The EU has also committed to purchase $750
billion-worth of US energy products, including
liquefied natural gas, oil and nuclear fuels.
The scale of the increase in purchasing such an
escalation would require would be fairly
difficult to achieve in the next few years,
according to ICIS director of energy and
refining Ajay Parmer.
“The EU is unlikely to be able to meet the
level of purchases of US energy outlined in
this latest deal. To have crude purchases meet
just half of the required $250 billion/year
energy purchases, the EU would need to more
than double its US oil purchases,” he said.
“This is unrealistic, due to the huge shift in
trade flows required, and is highly unlikely to
come to fruition in the next few years,” he
added.
The bloc is also expected to invest a further
$600 billion on unspecified investments on top
of current investment levels, US President
Donald Trump said in Scotland on 27 July.

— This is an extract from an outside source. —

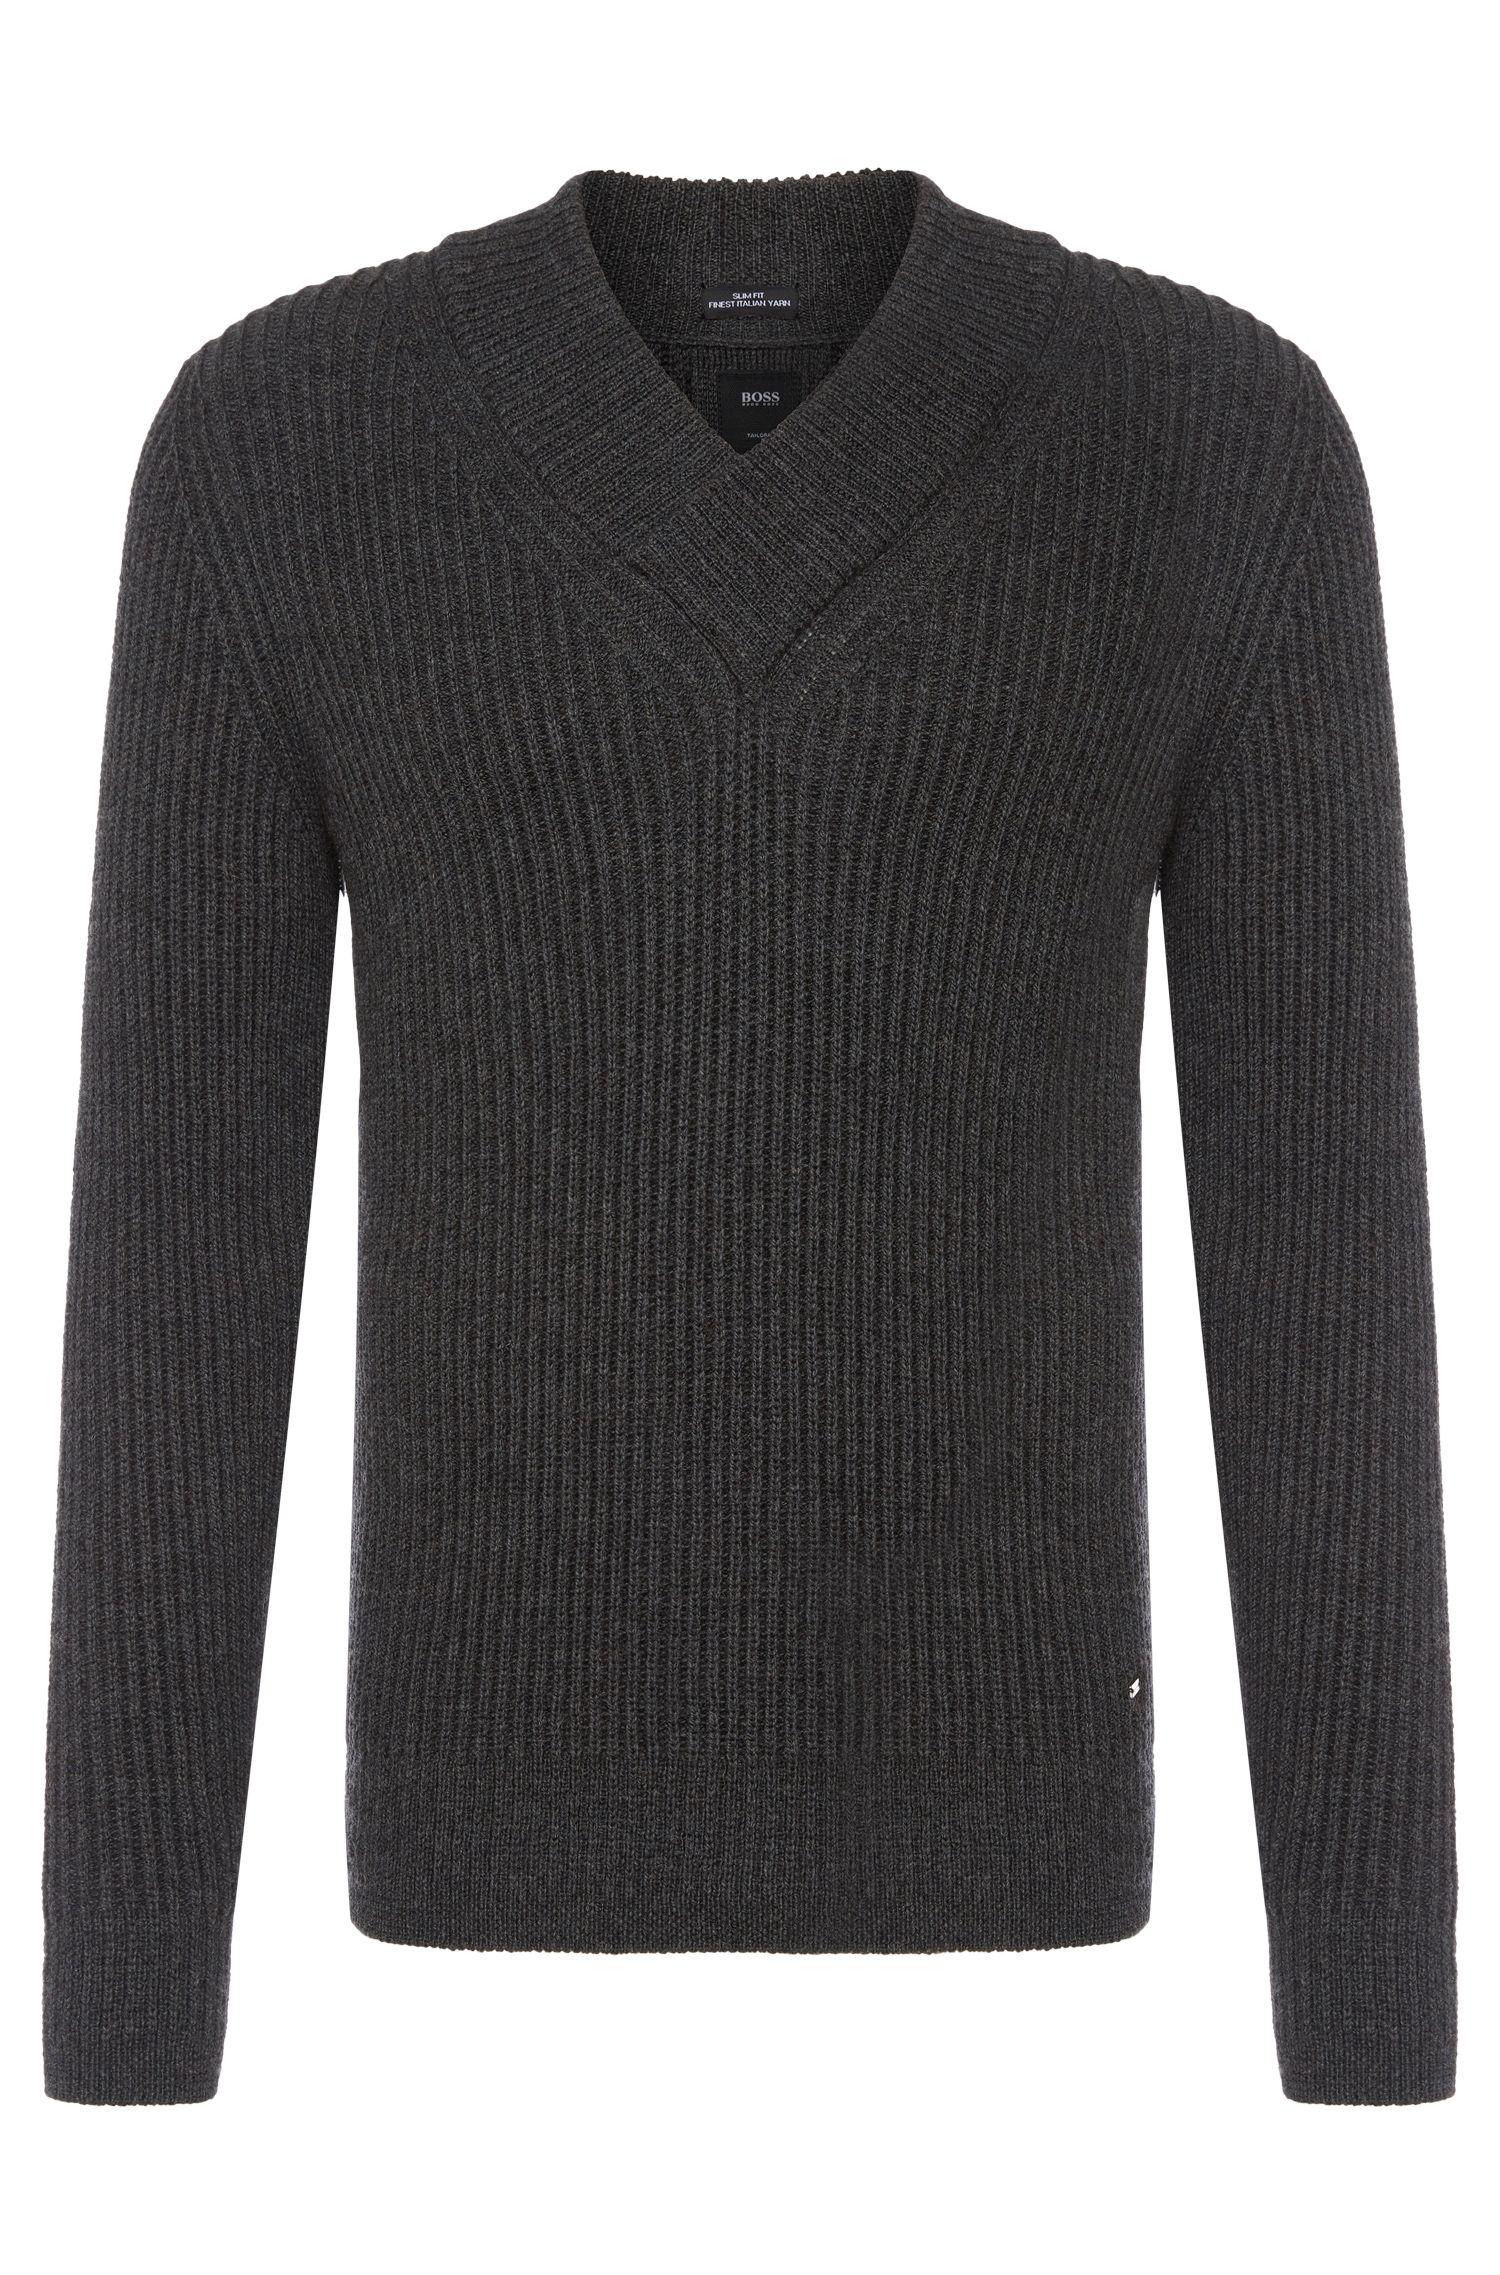 'T-Bressano' | Italian Alpaca Virgin Wool Surplice V-Neck Sweater

“We are agreeing that the tariff straight
across for automobiles and everything else will
be a straight-across tariff of 15%,” Trump
added.
The single 15% tariff rate is all-inclusive,
according to von der Leyen, meaning no
additional duties are expected to be applied on
top of that for any sector.
The parties have agreed to exempt certain
sectors from the tariffs entirely, including
natural resources, aircraft, semiconductor
equipment and “certain chemicals”, von der
Leyen said, without specifying what products
may be exempt in the space. 50% US levies on
European aluminium and steel remain.
The European Commission had not responded to
requests for comment at the time of
publication.
In a speech on Sunday, von der Leyen expressed
hopes that the deal would provide sufficient
clarity to dispel the pall of uncertainty that
has hung over investment decisions and
purchasing habits over much of 2025.
“Today with this deal, we are creating more
predictability for our businesses. In these
turbulent times, this is necessary for our
companies to be able to plan and invest,” she
said.
While a 30% cliff face – sufficient to
effectively prohibit trade, according to
Commission ministers – has been avoided, market
reaction has been muted so far. France’s CAC 40
index was trading up 0.08% compared to Friday’s
close in early afternoon trading, while
Germany’s DAX fell 0.28%.
The STOXX index of listed European chemicals
players was also trading slightly down on
Monday, 0.38% below Friday’s close, with the
bulk of companies in the index trading modestly
down.
BASF and Solvay saw the sharpest falls, with
shares trading down 1.82% and 2.1%,
respectively.
While narrowly avoiding more substantial
tariffs on EU exports and the introduction of
countermeasures by the Commission that could
have seen further escalation from the US, the
resolution falls short of a win for Europe,
according to Belgian Prime Minister Bart de
Wever.
“This is a moment of relief but not of
celebration,” he said.
Germany-based chemicals trade group VCI
concurred, stating that the current projected
level of tariffs is too high for the sector.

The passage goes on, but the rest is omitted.